The bottom part of Table 17.1 is just one, illustrative, randomly generated future scenario for the Garden City project. In Monte Carlo terminology, it is one “trial.” It happens to be a favorable outcome as compared to the base case because it results in an ex‐post NPV of $89.674M, as compared to the base case of $24.711M, and an ex‐post IRR (at the given $200M price) of 32.6% as compared to the base case projection of 22.6%.

In general, some outcome scenarios are more favorable than the base case pro forma, and some are less favorable. They reflect the pricing factors generated based on the real estate pricing probability distributions and dynamics input into the spreadsheet simulation model, and these fluctuate in some sense around the mean reflected in the base case.

The input probability and dynamics assumptions reflect the realistic real estate market pricing dynamics that we discussed in Chapter 7 (and which are discussed in more depth in the Appendix at the end of this book). These price dynamics include the random walk, autoregression, mean‐reversion, and cyclicality discussed in Chapter 7. We also introduce idiosyncratic noise, which is a characteristic of individual real estate asset prices, and is one source of the lack of perfect correlation among different real estate products (see Section A.2 in the Appendix). As usual, we run the simulation model to generate several thousand independent random scenarios and analyze the distribution of results across the outcomes of all those trials.

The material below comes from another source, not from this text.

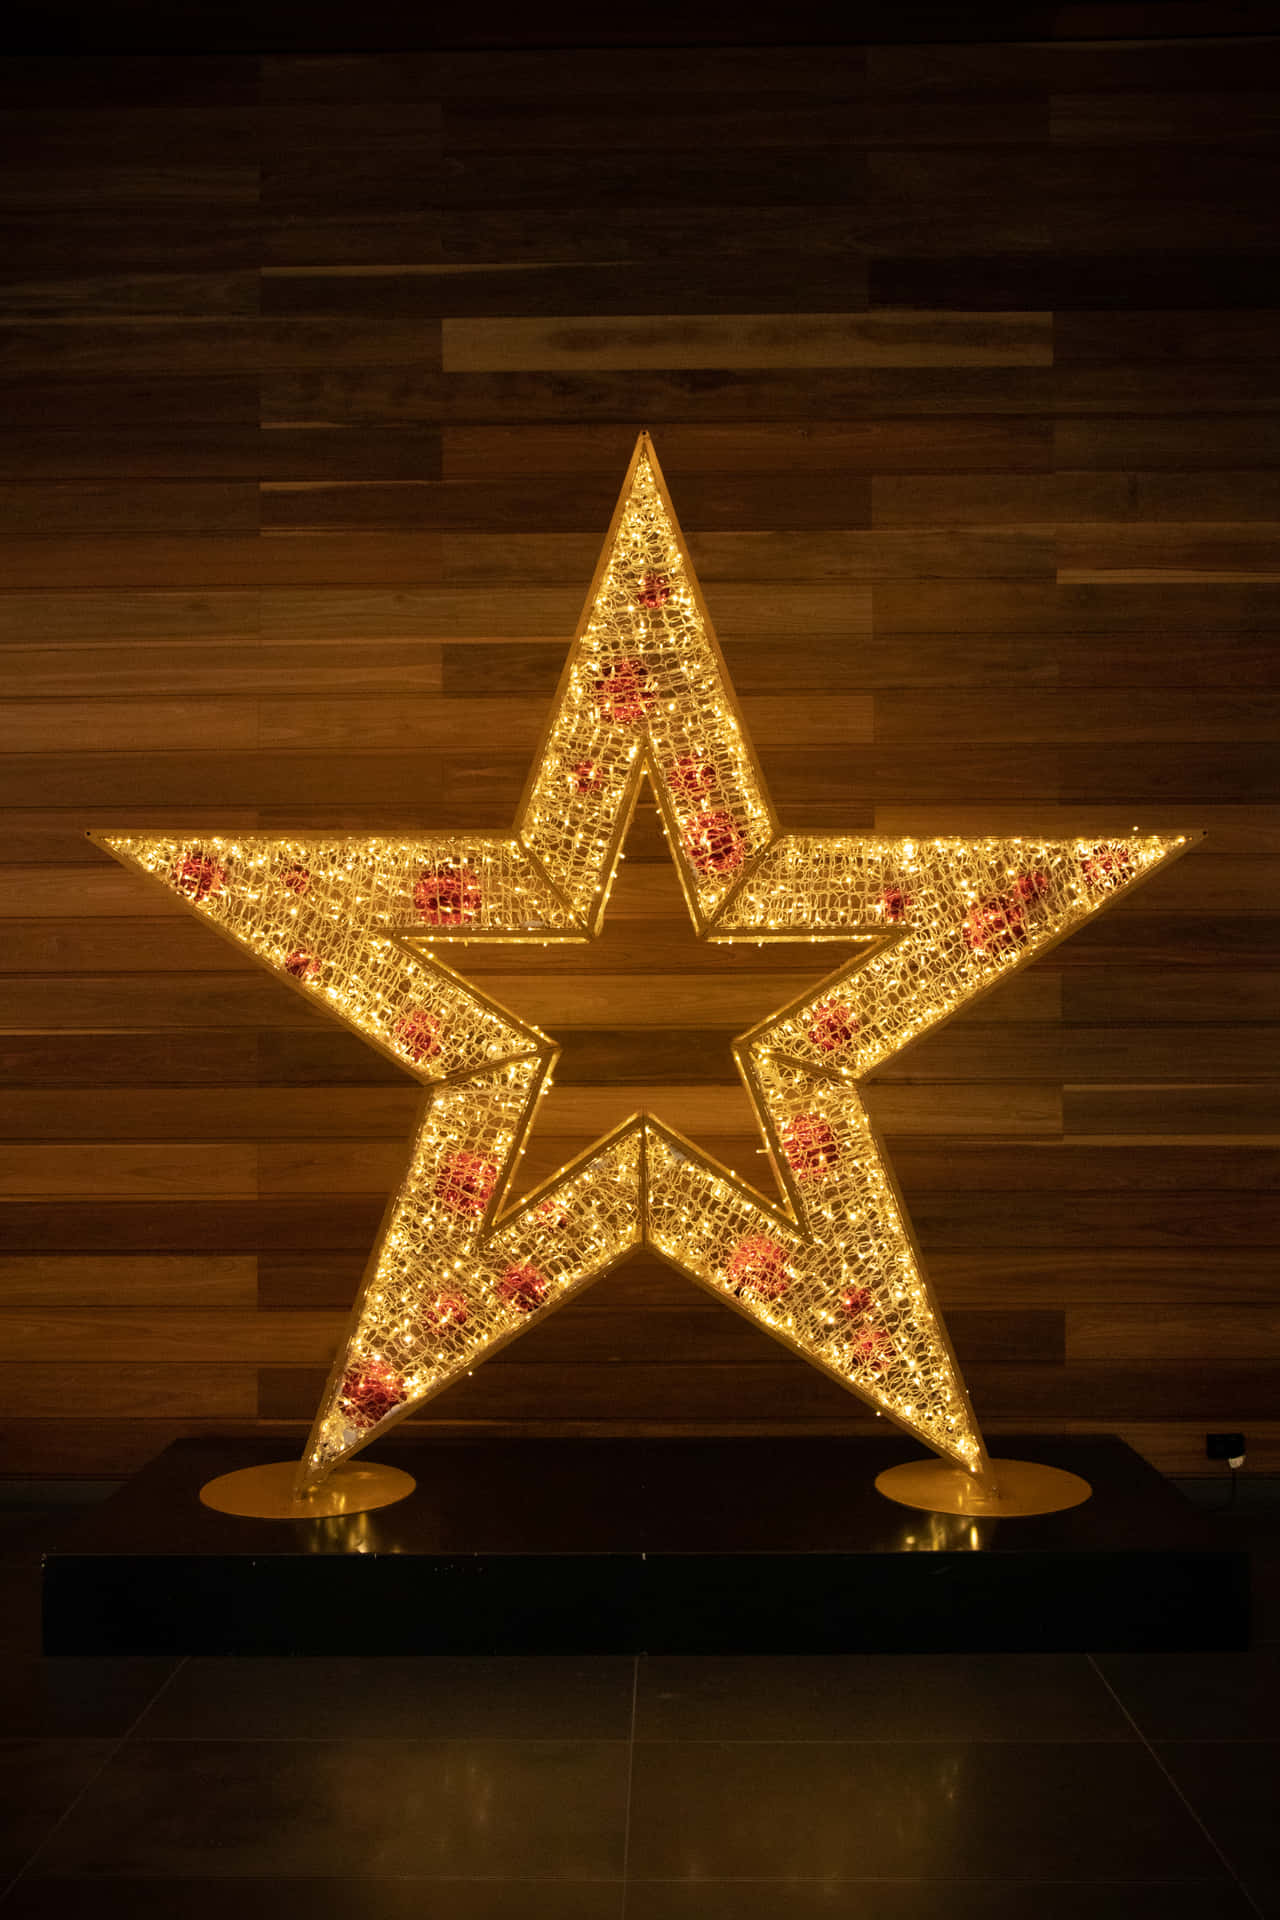 Låtjulstjärnans Magi Lysa Upp Ditt Hem Under Denna Högtid. (let The Magic Of The Christmas Star Illuminate Your Home This Holiday.) Wallpaper

17.3 Outcomes Reflecting Uncertainty for the Multi‐Asset Development

Figures 17.117.4 show the results of modeling uncertainty for the Garden City project. They show the project’s future investment performance across 2000 randomly generated scenarios in the Monte Carlo simulation. All the charts reflect the same sample distribution, the same “run” of the simulation model. The focus is on two target metrics, the achieved ex‐post NPV and IRR of the project, as indicated on the horizontal axes in the charts. We compute the NPV using 18% as the discount rate, reflecting the “hurdle rate” for the project as described in Section 16.5 (but which should, in principle, approximate the market OCC, as in fact is the case in this example, since we estimated the project OCC to be 18.01%). We compute the project’s realized IRR based on the given $200M purchase price for the land.

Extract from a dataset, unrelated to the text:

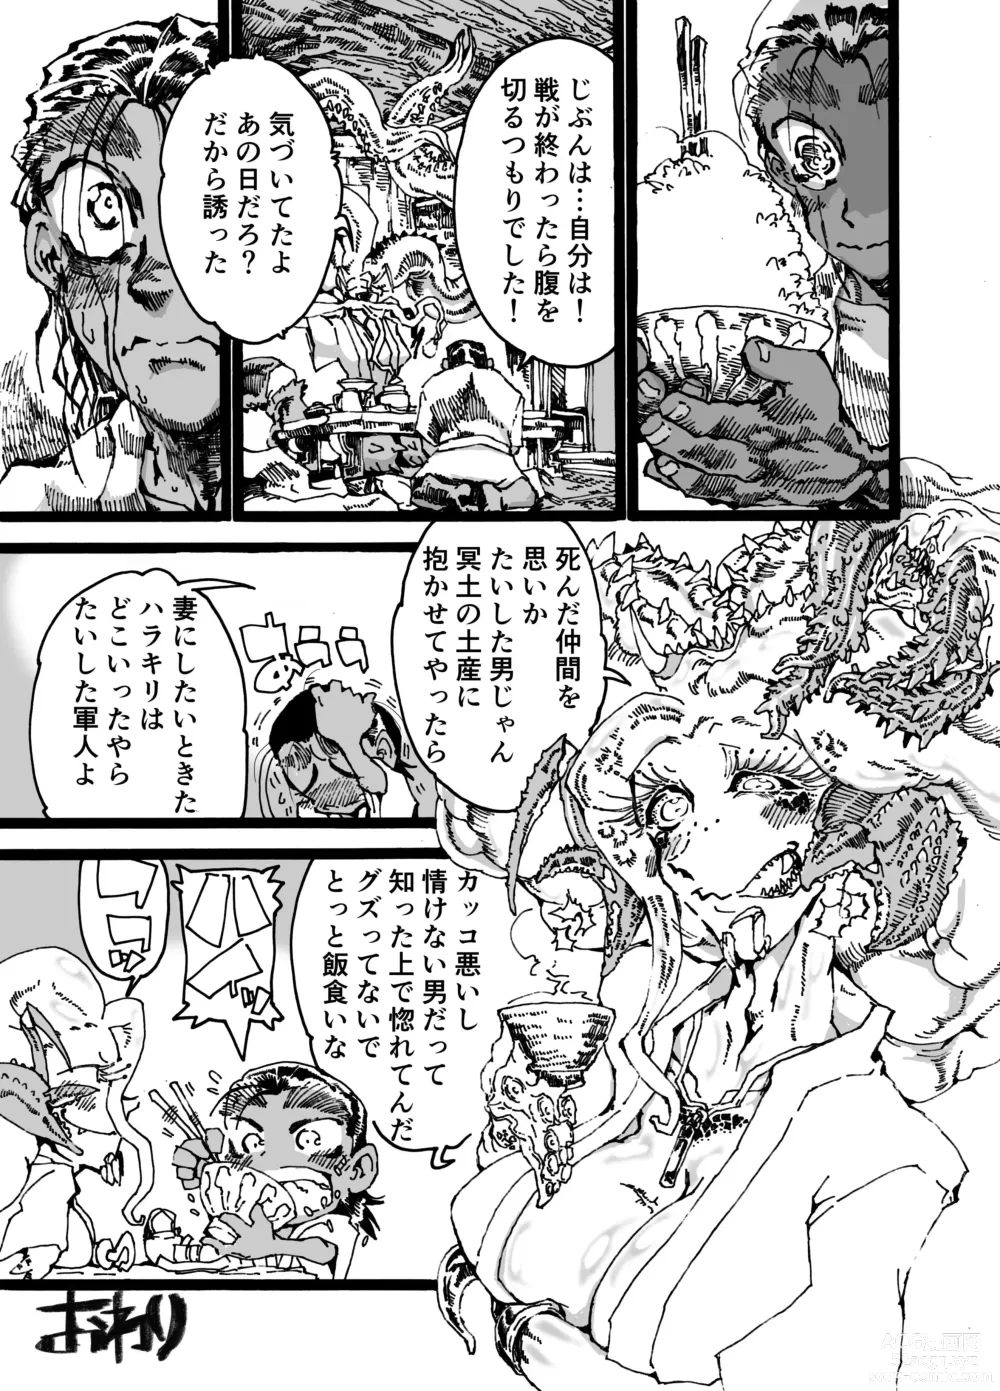 Page 49 of doujinshi Rivuai a san

NPV frequency distribution function displaying an ascending curve for PV distribution low-volatility inputs and 2 vertical lines along zero for pro forma PV and Mean PV low-volatility inputs.
NPV frequency distribution function displaying an ascending, descending curve for PV distribution low-volatility inputs and 2 vertical lines along zero for pro forma PV and mean PV low-volatility inputs.

Figures 17.1–17.2

IRR cumulative distribution function with ascending curve for IRR distribution low-volatility inputs and vertical line at 20% and ~23% for mean IRR low-volatility inputs and pro forma ex ante IRR, respectively.
Sample distribution density vs. realized IRR at given land price, with a curve representing IRR distribution low-volatility inputs and 2 vertical lines for pro forma ex-ante IRR and mean IRR low-volatility inputs.

Figures 17.3–17.4

As noted in Chapter 7, any individual “run” of the simulation model (a single “recalculation” of the spreadsheet with many scenarios) produces a sample distribution of the possible future outcomes of the project. Such sample distributions of outputs are effectively estimates, as of Time 0, of the underlying ex‐ante probability distribution governing the project’s future investment performance. Normally, Time 0 is the time we plan to begin construction. Each time we run the simulation model, we generate a different sample, and no two runs will produce identical target curves. We strive for a sample size large enough that the target curves are quite stable for practical purposes, between simulation runs.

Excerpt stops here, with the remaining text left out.